Her heart was racing as the man sat, and she silently chided herself for being so flustered. It was usually the other way around, especially with the baseball boys, and as the man settled onto the stool, she took a swig of Miller and tried to regroup.
“You’re not from Bluefield, are you?” she said after swallowing.
“Nope, first time,” the man said as he motioned to Billy for a new drink.
“Oooh, a traveler,” Tammy said in her best pick-up voice.
The man offered up a nonchalant shrug.
“I get around.”
“I’ll bet you do,” Tammy said through a sly grin.
Billy interrupted the dance when he arrived with the man’s refill. Tammy used the break to take another sip of beer, accidentally-on-purpose dribbling some down her chin in the process. As the liquid made its way to the space between her breasts, she pinched a napkin off the bar and made an elaborate show of dabbing at the moisture.
“You missed some,” the man said before using the side of his finger to wipe a drop from her chin.
The touch produced new shivers and Tammy’s nipples got rock hard under the thin fabric of her dress. The man’s eyes took notice of her excitement.
“All fixed,” the man said.
Tammy pushed some air through her lips.
“Yes, it is,” she said under her breath.
The man smiled and sampled his beverage. Tammy waited for him to finish.

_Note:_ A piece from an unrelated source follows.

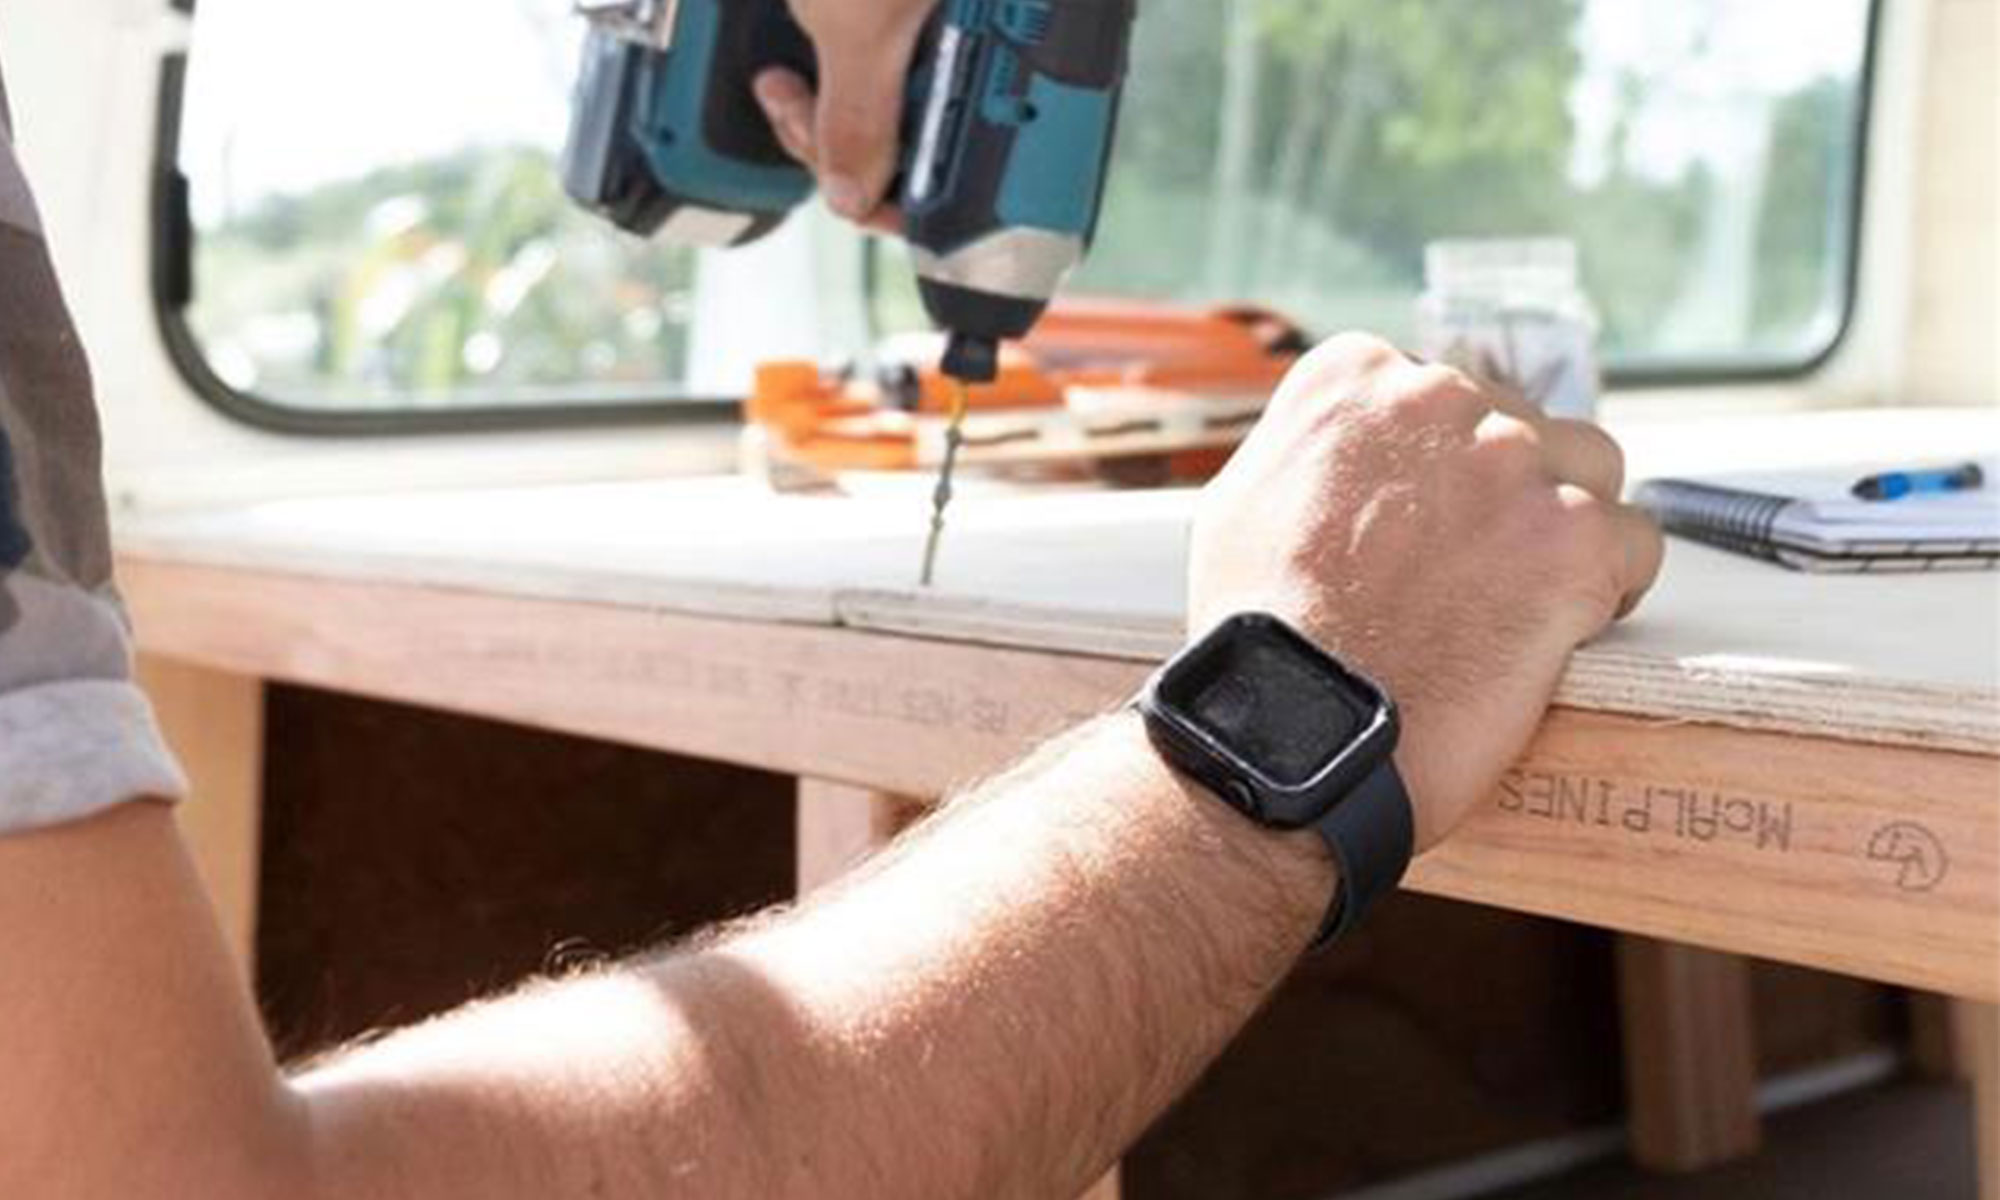 全米no 1の耐衝撃ケース Otterbox のapple Watchケースが登場 Apple Watchをオシャレに守る スマートウォッチライフ
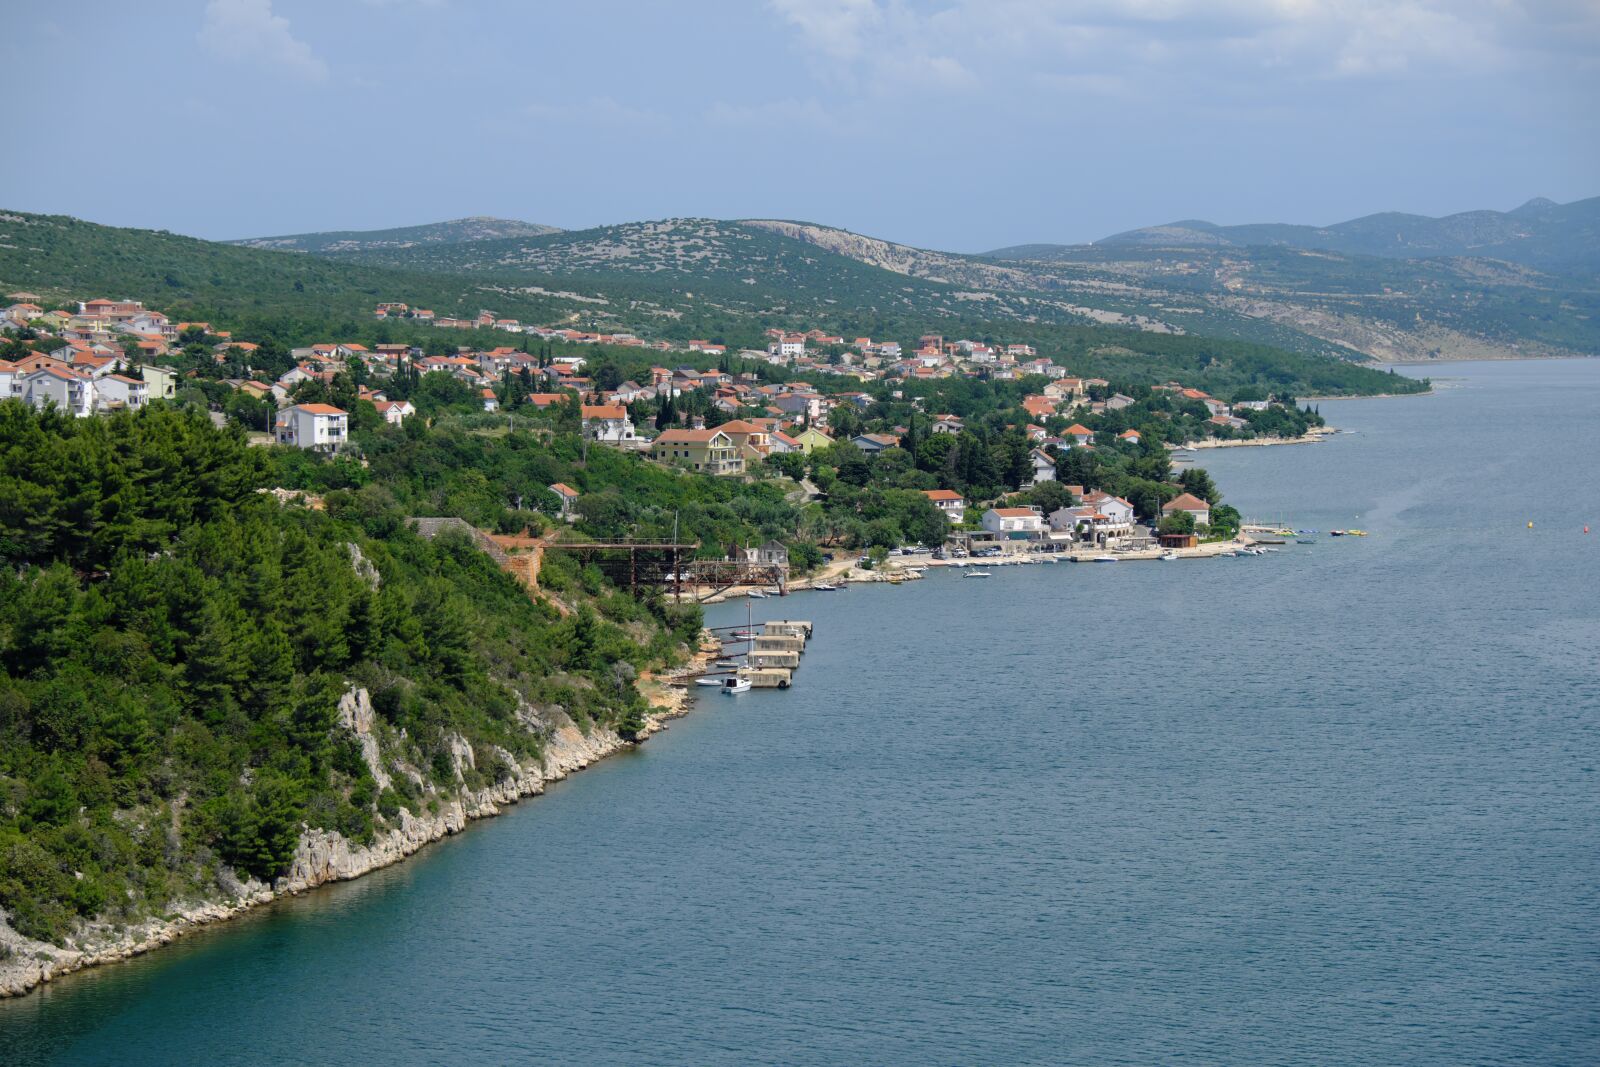 Fujifilm X-T2 sample photo. Adriatic sea, croatia, dalmatia photography

“So, what brings you to town?” she said. “Are you a ballplayer?”
“I’ve been known to play a game or two,” he said as his finger came back to her body.
He used it to draw an imaginary line across her shoulder and down her arm. Goosebumps sprouted and Tammy closed her eyes to absorb the sensations. What had started as her game had become his. She was wet from the simple touches and more than ready to go. All the man had to do was ask. An hour later he did.
It was the last time Tammy was seen alive.